Bad news: It wasn’t anything Sari hadn’t already told me (thanks, Sari).

Good news: It included info about legs.

Bad news: It just said they go higher or I can make stuff up.

Good news: I can proceed with Level 4 without worrying that I’m missing something.

Bad news: It’s not that hard.

Good news: I think I’m ready for Level 5 now.

Bad news: I don’t have any info on that.

Good news: I can email Havi again.

Bad news: That involves guilt, but only if I’m in Havi’s stuff rather than my own.

Good news: If I stay in my stuff I can just ask and see what she says.

Bad news: Now I have to wait for an answer again.

Other news

In other news, we finally put the floor down in the front room (aka my room) so that I have a space for yoga/pilates/Shiva Nata where I won’t get splinters and can hide away when feeling bashful.  To celebrate, I inflated the fitball I’d bought recently (think big bouncy inflated rubber ball, like a space hopper but spherical) and bounced away without fearing I would burst it in minutes.

Having played with one at the pilates studio, I knew how to get up to kneeling on the ball so I did Level 1 arms whilst kneeling on a fitball!  Great fun and I was most pleased to make it all the way through whilst wobbling horribly (i.e. lots of challenge) but without falling off and hurting myself or the furniture (the piano’s in here too, so I need to be a little careful).

February 9

Day whatever I’ve stopped counting: taking it to the max

Posted by James the Shivanaut . Filed under Progress Diary | 5 Comments

I’ve thrown the plan out of the window

It wasn’t working.  I really needed an epiphany and I was getting nowhere fast.  So it was time to really up the ante.  This evening I did a monster practice as follows:

  1. The entire series for Level 3, using 8 different words for the 4 horizontal and 4 vertical positions (H: Clarity, Awareness, Intuition, Heart; V: Blissful, Energised, Peaceful, Synchronised – these were targeted as I was after some answers around what made me happy).  With my eyes closed.  And my feet off the floor.  (Yep, I was falling about all over the place).
  2. Followed immediately by a super quick run through of all of Level 2 with eyes open and feet off the floor.
  3. Followed immediately by a super quick run through of Level 1, saying the positions at speed, with my eyes closed and feet off the floor.

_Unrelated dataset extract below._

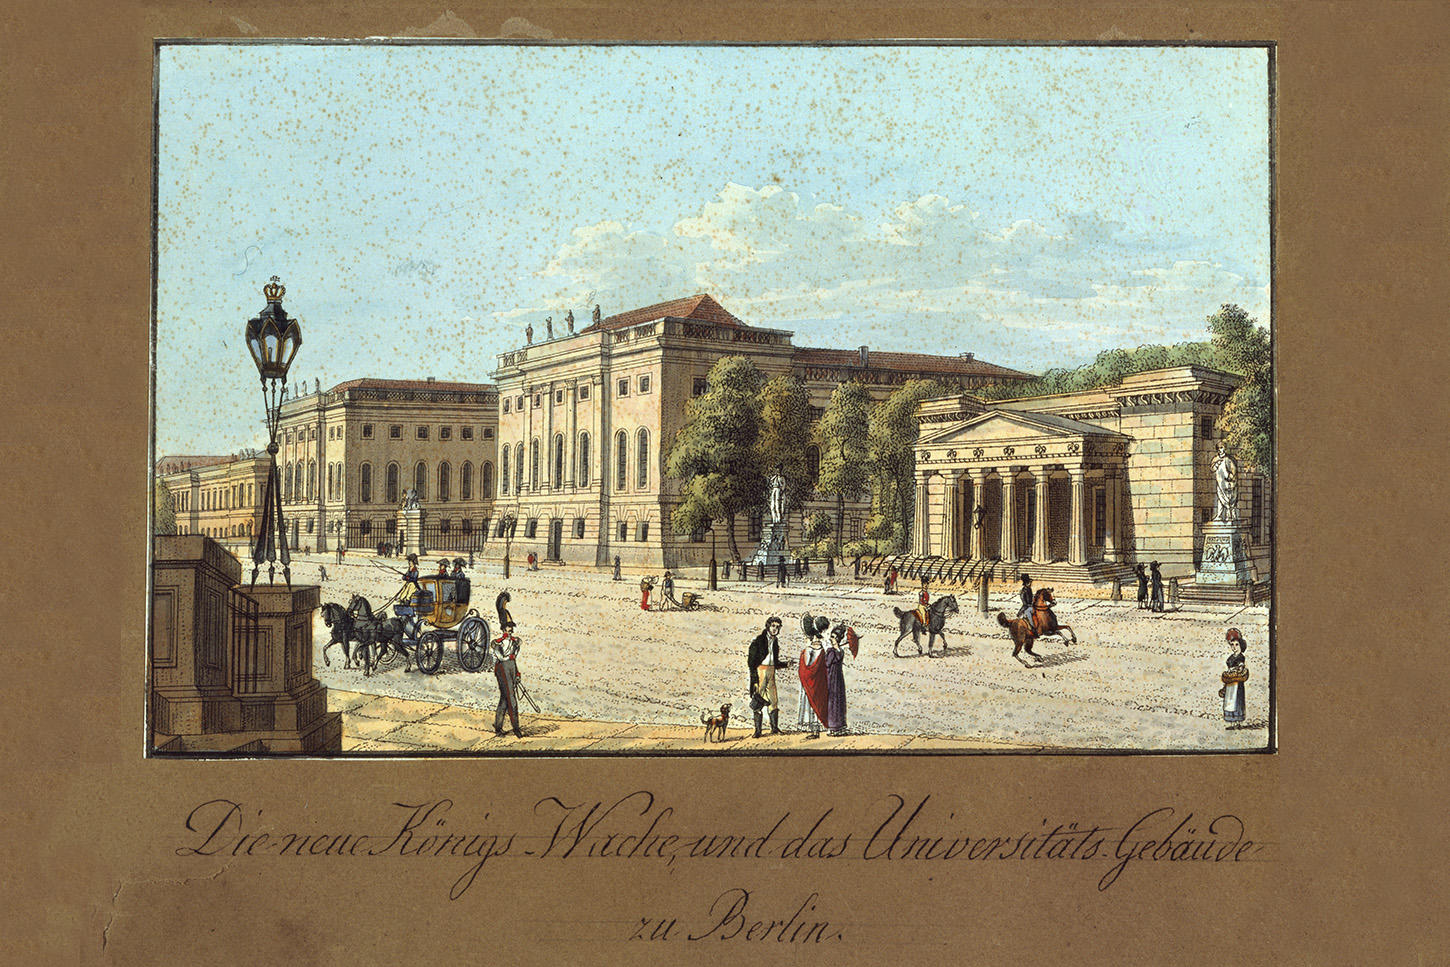 In the 19th century, Berlin University moved into the Prinz-Heinrich-Palais, directly adjacent to the Neue Wache, which is still today the main building of Humboldt-Universität.

I really wanted an answer, ok.

The result

I had originally just decided to do the first part, but even though I slowed right down at times and was constantly falling over, I still wasn’t getting that brain stuck moment.  [Ok, I finally caved.  I've emailed Havi (or rather marissa, I hope someone gets it anyway) and have asked for the info for the higher levels.]  So I decided to keep pushing and quickly made up parts 2 and then 3.

Same result.  The odd stumble.  The occasional realisation that the sequence was a little off and start that section again, but no complete brain-freeze stuckness.

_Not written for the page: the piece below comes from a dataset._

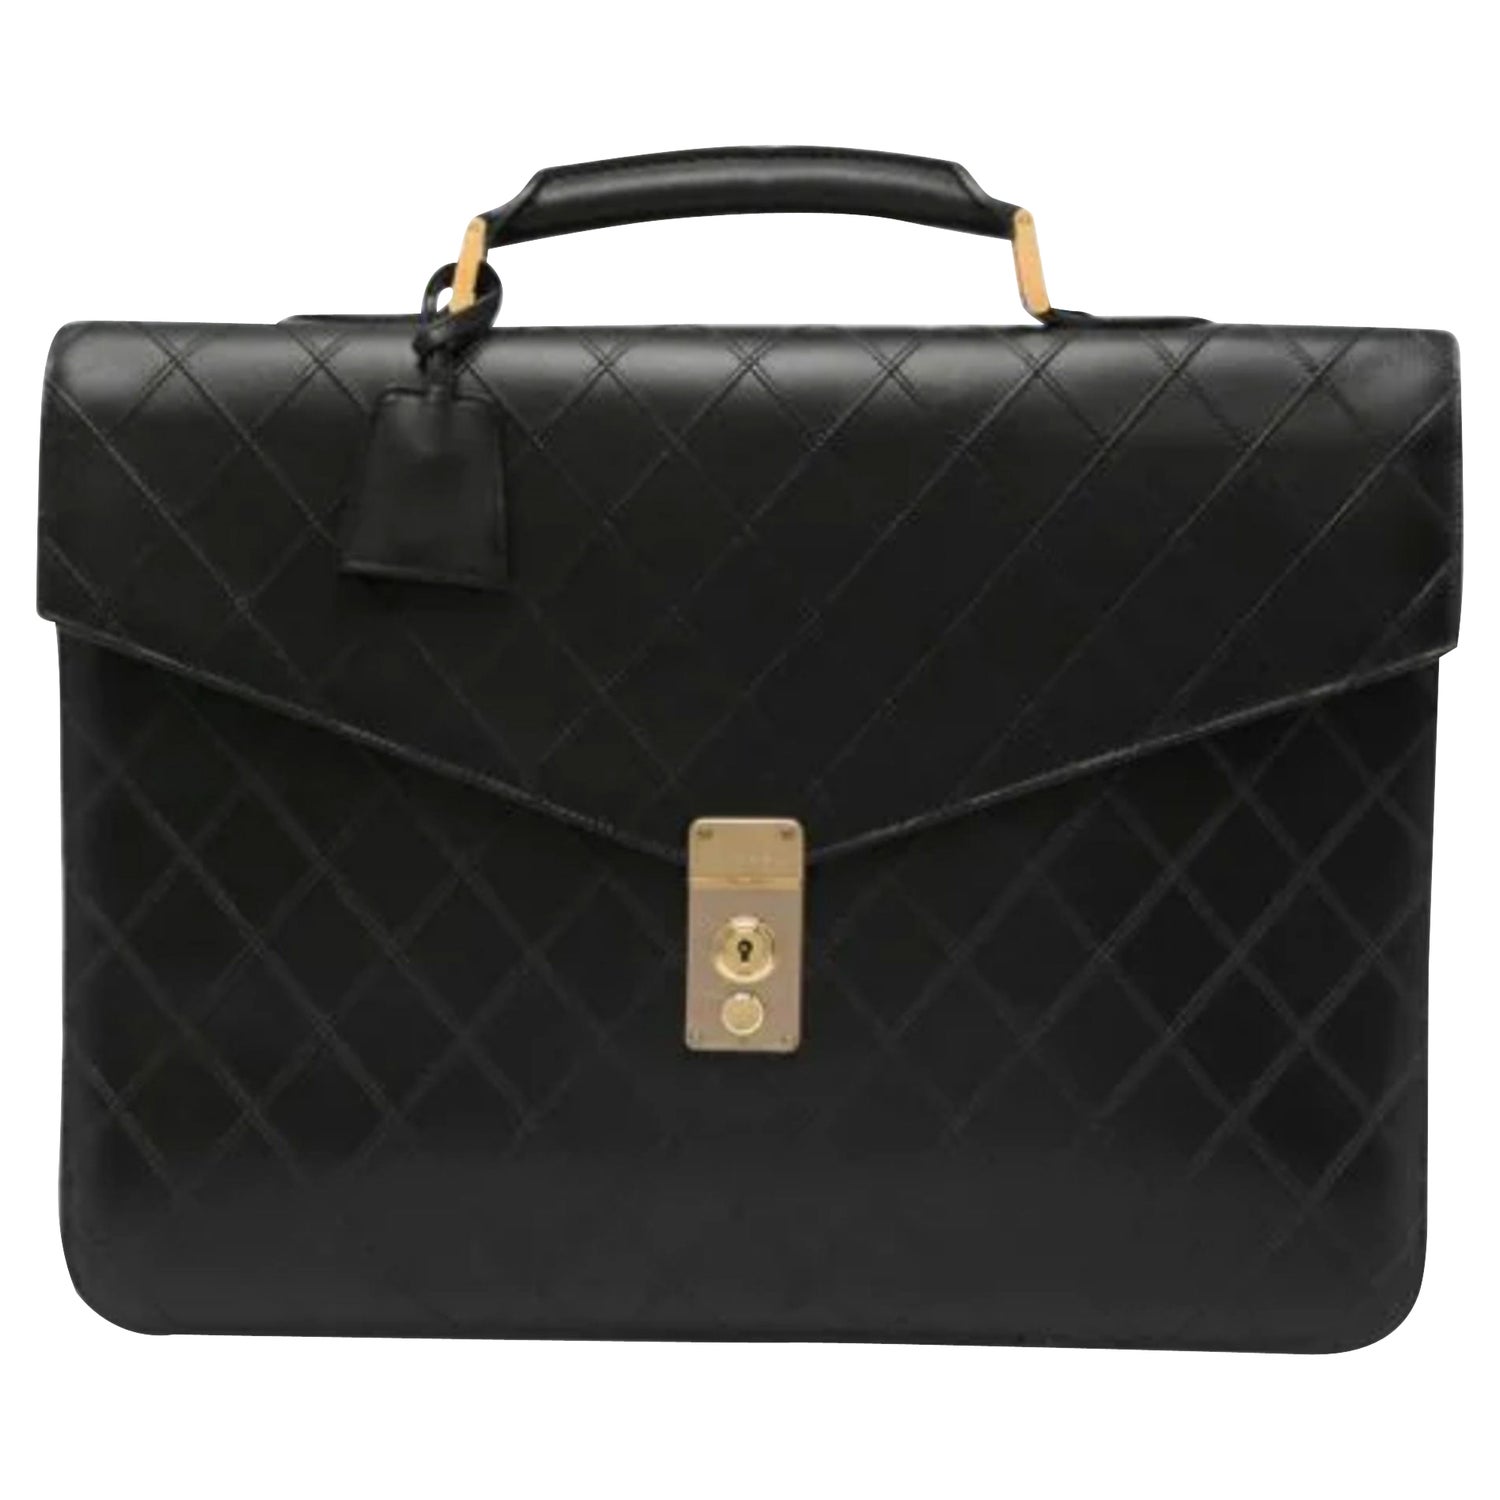 Chanel Vintage Quilted Briefcase - Black Briefcases, Bags - CHA859884

[Disclaimer: I'm sorry if this seems like bragging, or rubbing it in to anyone reading who might be struggling with Level 1, but I'm trusting you to understand that my motivation here is simply to express where I'm at with the practice, and not to try and make me feel big with it, or you feel small.]

What next?

Well, I have a couple of ideas:

  • Let it be known that I want to take it further and see what info comes my way – DONE
  • Make up something completely freaking crazy, like a pattern that never comes back to where it starts, or does so only after 64 moves or something like that – TO DO

I figure I’ll give plan A bit of time to kick in before launching plan B.  Either way, could be interesting.